None of these were the original goal. Each one is a separate team finding that the same underlying knowledge layer powers a different workflow. That's the tell. When something is a primitive, different teams find uses for it that the original authors didn't anticipate.
We're now building them for clients
We're working with several companies right now where the engagement starts with agentic automation. They want agents handling parts of their workflow, and they want them in production. The first thing we do, before we build a single agent, is build the brain.
Two reasons.
The first is that it lets us build quickly. With the brain in place, each new agent we build for the client is mostly composition: wiring the right skills, policies, and provenance together for the workflow. Without it, every agent project is a from-scratch knowledge-extraction project disguised as an engineering project, and the engineering ends up being the cheap part.
The second is that it lets the client build for themselves after we leave. A company brain is the kind of asset that compounds. Once it exists and is being maintained, the marginal cost of the next agent (the one we're not building, the one their internal team builds six months later) collapses. They can spin up new automations on top of an asset they own and understand, instead of waiting for another agency to come back and do it for them.
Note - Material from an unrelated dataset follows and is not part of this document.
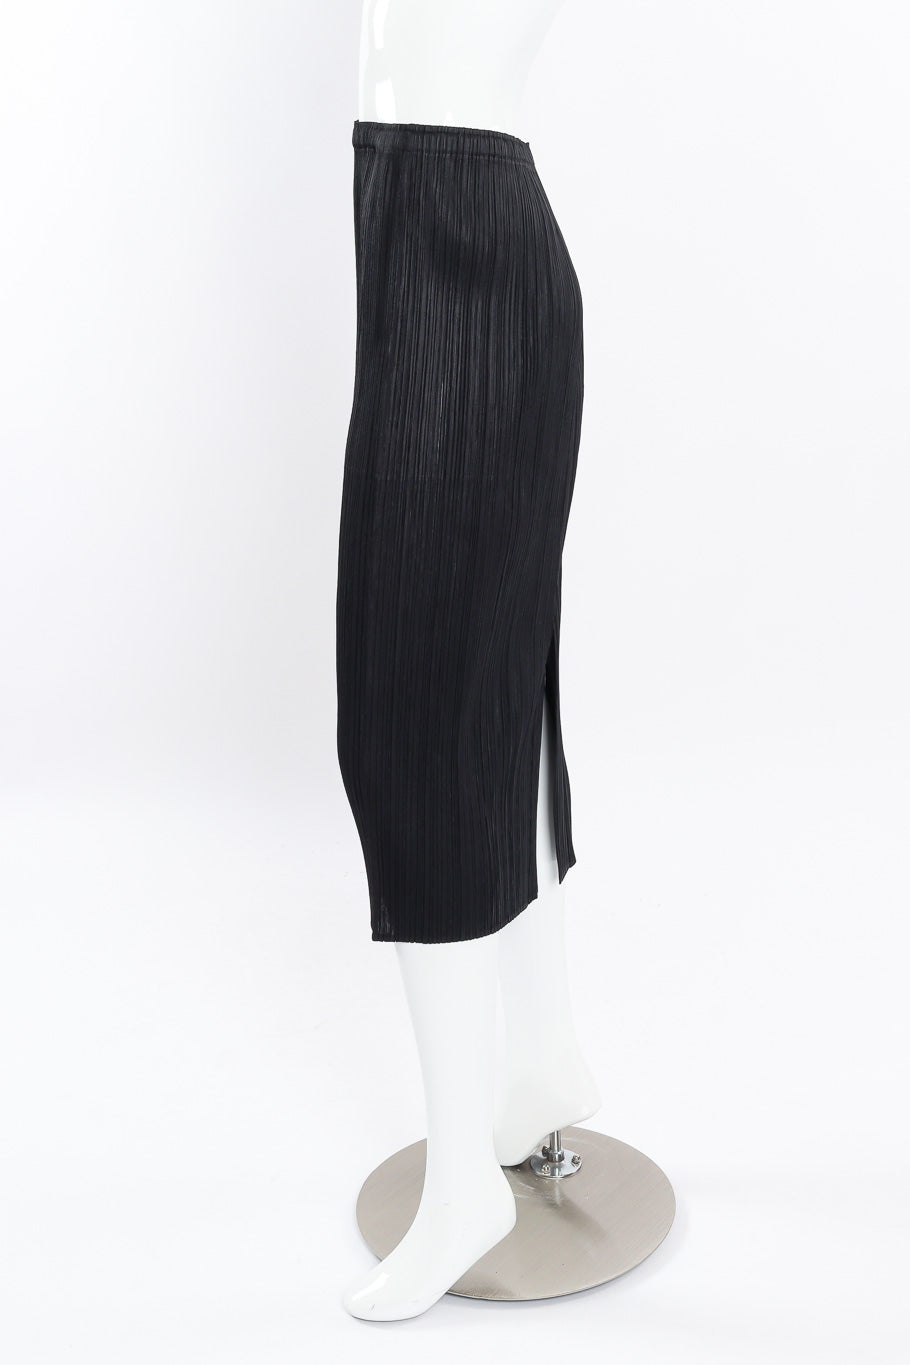 Pleated skirt, top, and jacket set by Issey Miyake on mannequin side skirt only @recessla

That second reason is the one we care more about. Most of the AI agency work being sold right now is the first kind: project-by-project, one agent at a time, knowledge extracted and then thrown away. We don't think that's how this is going to play out. We think the companies that win the next decade are the ones that build a real knowledge layer once and then compound on it.
Where to start, if you're going to build one
You shouldn't try to encode the whole company at once. You'll fail, and you'll generate a year of demoralizing work in the process. A few patterns we've watched separate the projects that work from the ones that stall:
Start with one workflow, end-to-end. Pick the one where humans currently spend the most time remembering and the least time deciding. That's where the brain has the highest leverage.
Capture from observation, not interviews. People will tell you the policy as they remember it. The actual policy is what they do. Watching the work (Slack threads, ticket comments, transcripts of escalations) gives you ground truth that interviews don't.
Treat the skills file as code, not docs. If it lives in Notion, it will rot. If it lives in version control with tests, it will survive.
Keep humans in the loop until the failure modes are mapped. The first version of any agent will fail in ways you didn't predict. The brain helps you contain the failures. Humans help you discover them.
Build the provenance layer from day one. Knowing when each fact was last verified is what separates a brain that gets better over time from one that gets quietly worse.
What this means going forward
Blomfield ends his RFS with a line we keep coming back to: every company in the world is going to need one. We think he's right, and we'd add a sharper version of the same claim.
The companies that build their brain first will compound. Their agents will get better with every engagement, every ticket, every incident. The ones that don't will keep paying humans to remember things, and they'll wonder why their AI investments aren't producing the operating leverage everyone promised.
The model isn't the moat. The company brain is.